* _EXERCISE AIM_:
Which lines below contain "fast"? Copy every one of them.

* _MATERIAL PROVIDED_:
★ ★ ★

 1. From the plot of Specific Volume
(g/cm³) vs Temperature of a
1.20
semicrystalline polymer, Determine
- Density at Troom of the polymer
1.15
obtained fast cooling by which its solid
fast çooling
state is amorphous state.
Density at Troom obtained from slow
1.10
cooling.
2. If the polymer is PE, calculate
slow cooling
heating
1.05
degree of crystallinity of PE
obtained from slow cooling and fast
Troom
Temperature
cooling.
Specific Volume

★ ★ ★

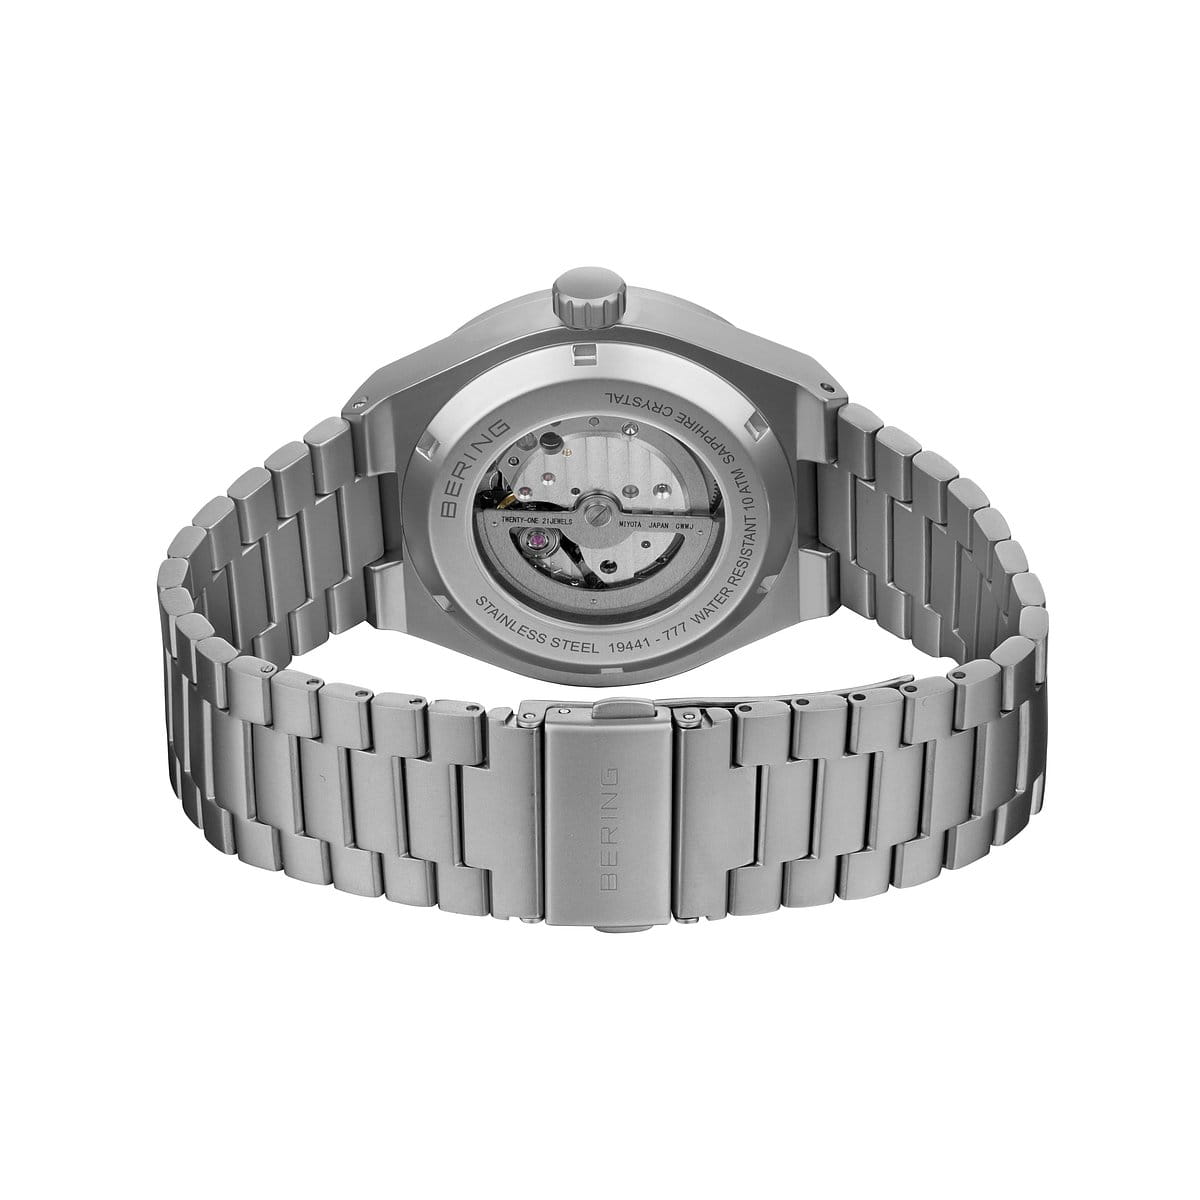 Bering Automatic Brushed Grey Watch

★ ★ ★

* _TASK RESPONSE_:
obtained fast cooling by which its solid
fast çooling
obtained from slow cooling and fast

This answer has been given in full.